Generally every corporate organization faces this
challenge of balancing the trade-offs between focusing on the growth of the company
or working in the best interests of the shareholders. The Board of directors
are hence constantly entrusted with a very important responsibility to take the
best decision considering all aspects of the company. The shareholders on the
other side were able to demonstrate their power of right to vote and remind the
fiduciaries that they are always vigilant in ensuring that the company’s best
interests are always safeguarded.  In
this case the Board decided to go on with its plan and were able to convince a
majority of the shareholders after multiple rounds of arbitrations and
negotiations.
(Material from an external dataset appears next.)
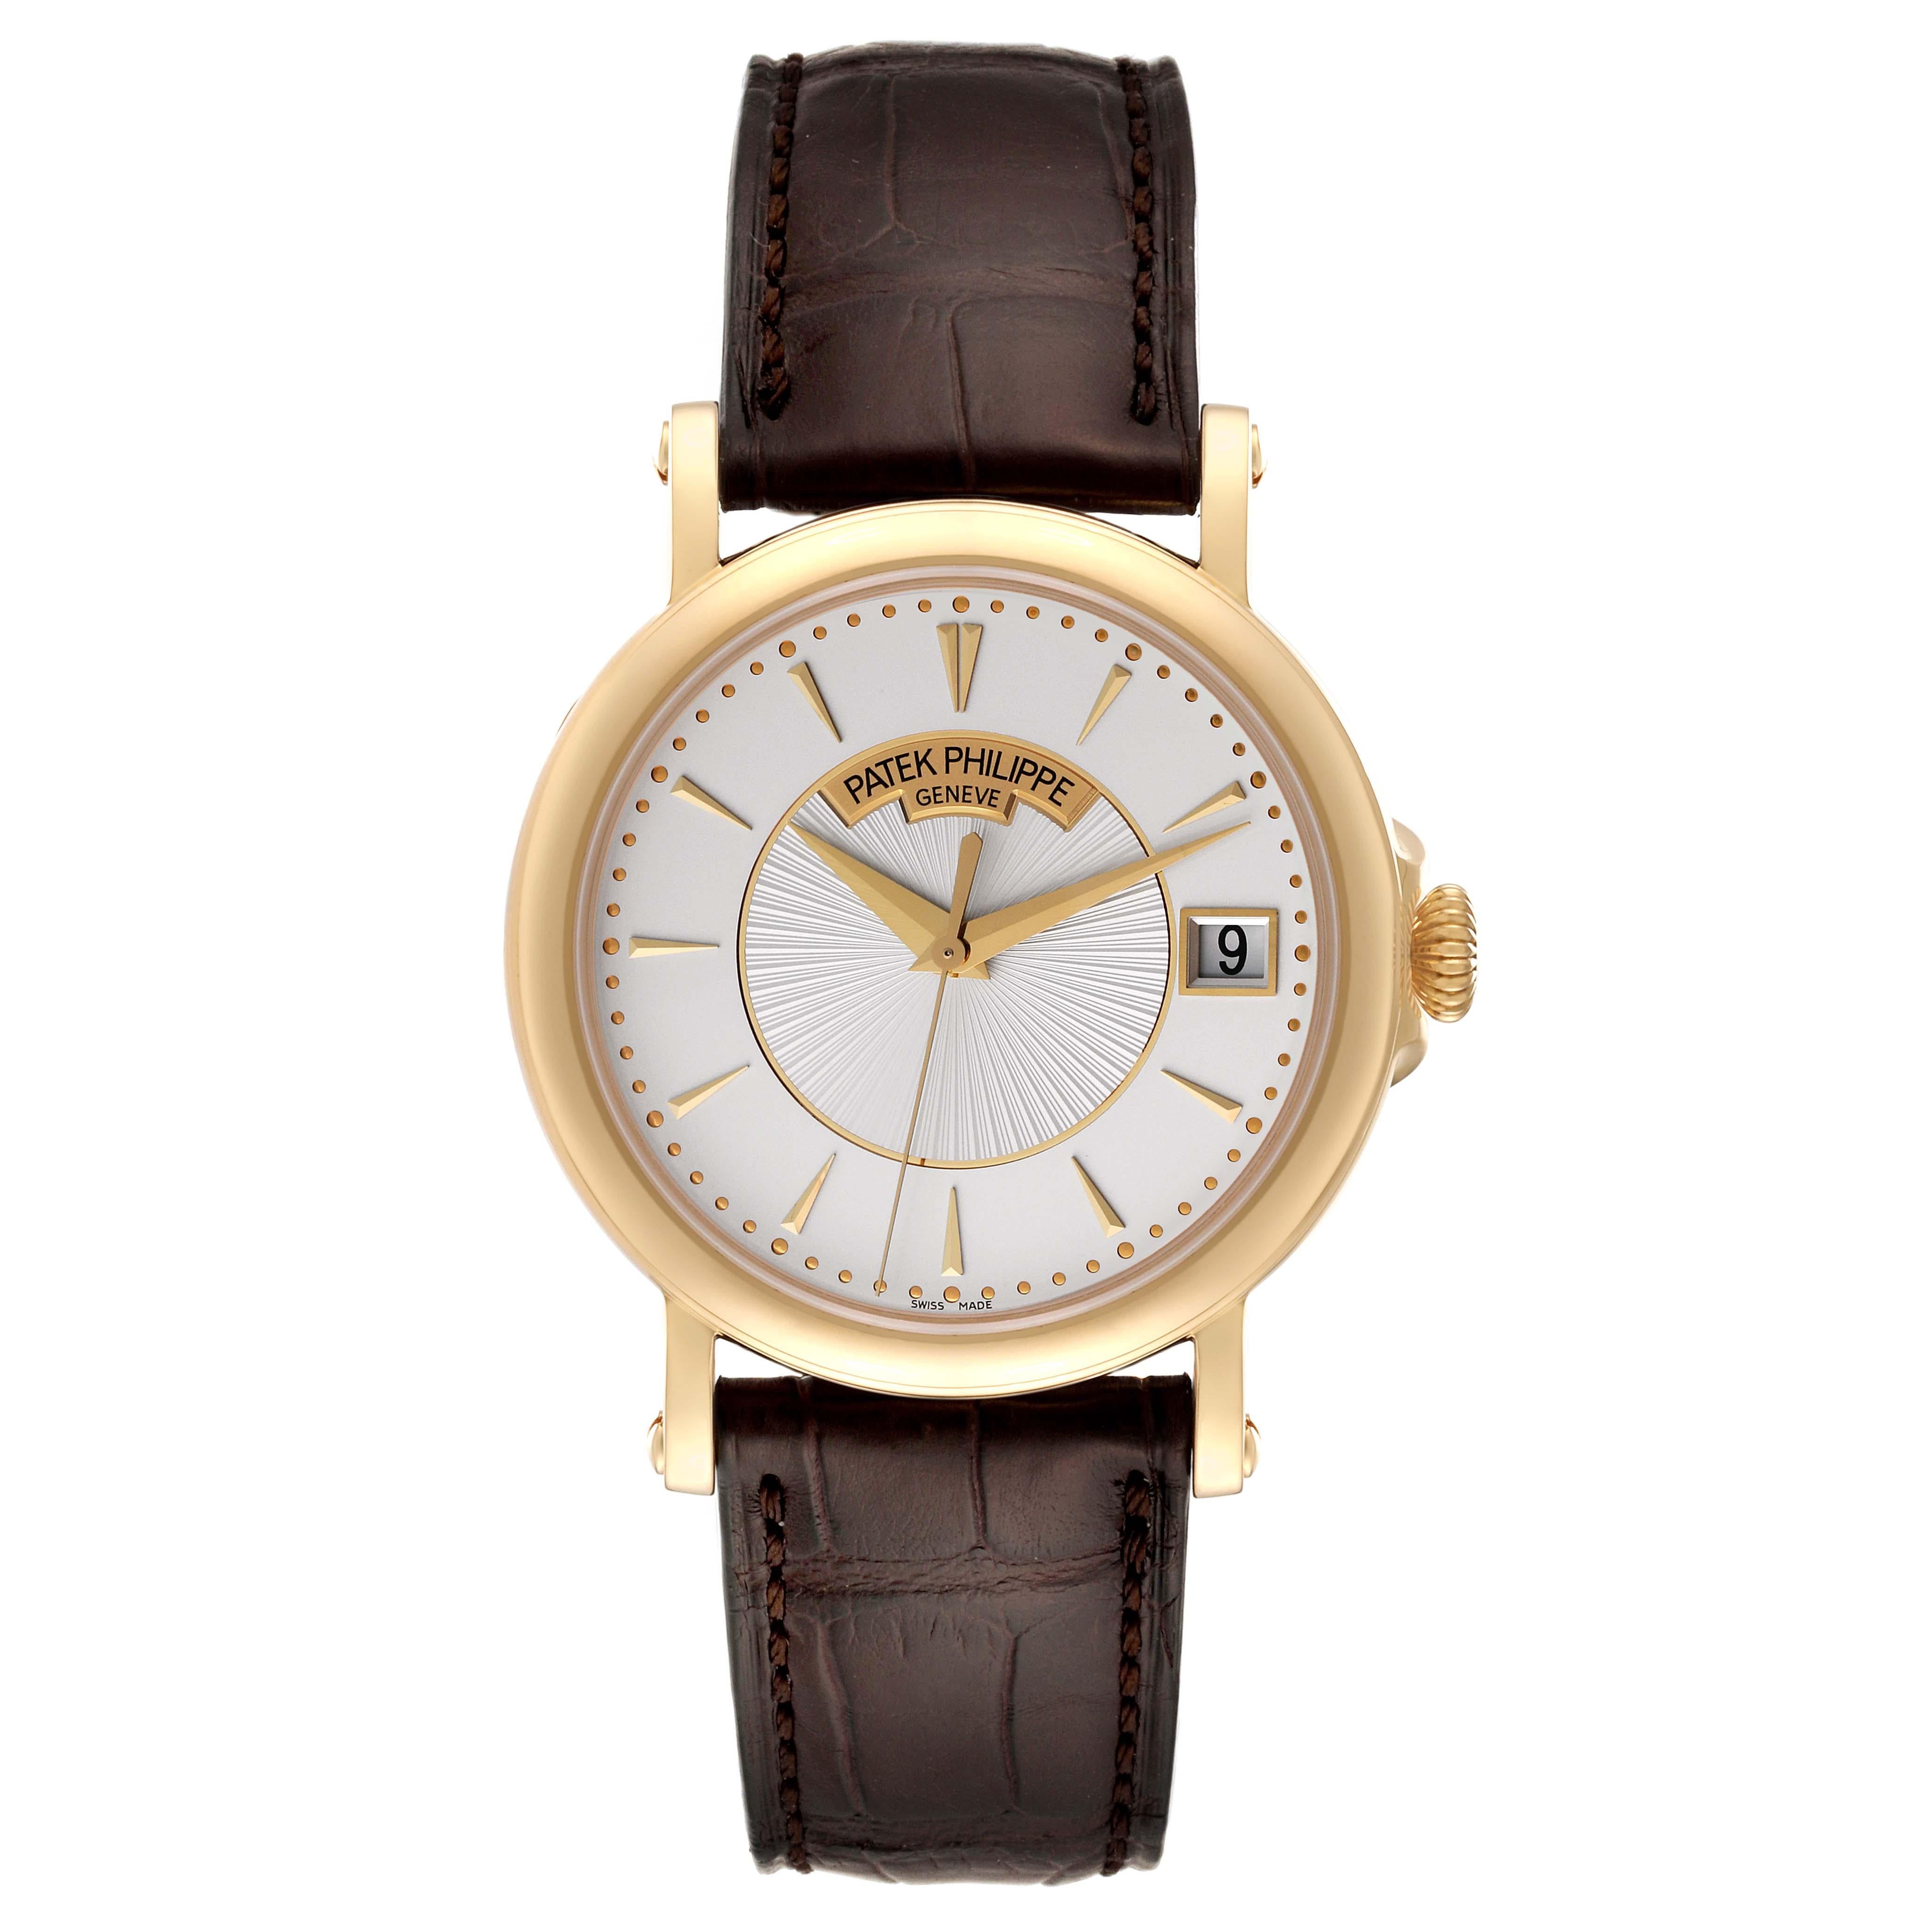 Patek Philippe Calatrava Yellow Gold Silver Dial Mens Watch 5153J Papers. Automatic self-winding movement. 18K yellow gold 38.0 mm in diameter. Hinged case back over exhibition transparent sapphire crystal to view the movement. Extended screwed

It is very rare in reality that every decision would be unanimous
and welcome by all stakeholders but what lies in corporate strength of
Institution is to make sincere attempt in reaching out to all and putting the
facts and convince and if possible have safeguards to accommodate the fears and
apprehensions if there is headroom to do it. However MSI were successful in
their attempts and the current state of affairs shows that the company is doing
very well with the Gujrat plant and the bold and brave decision that they took
was indeed in the best interests if the shareholders.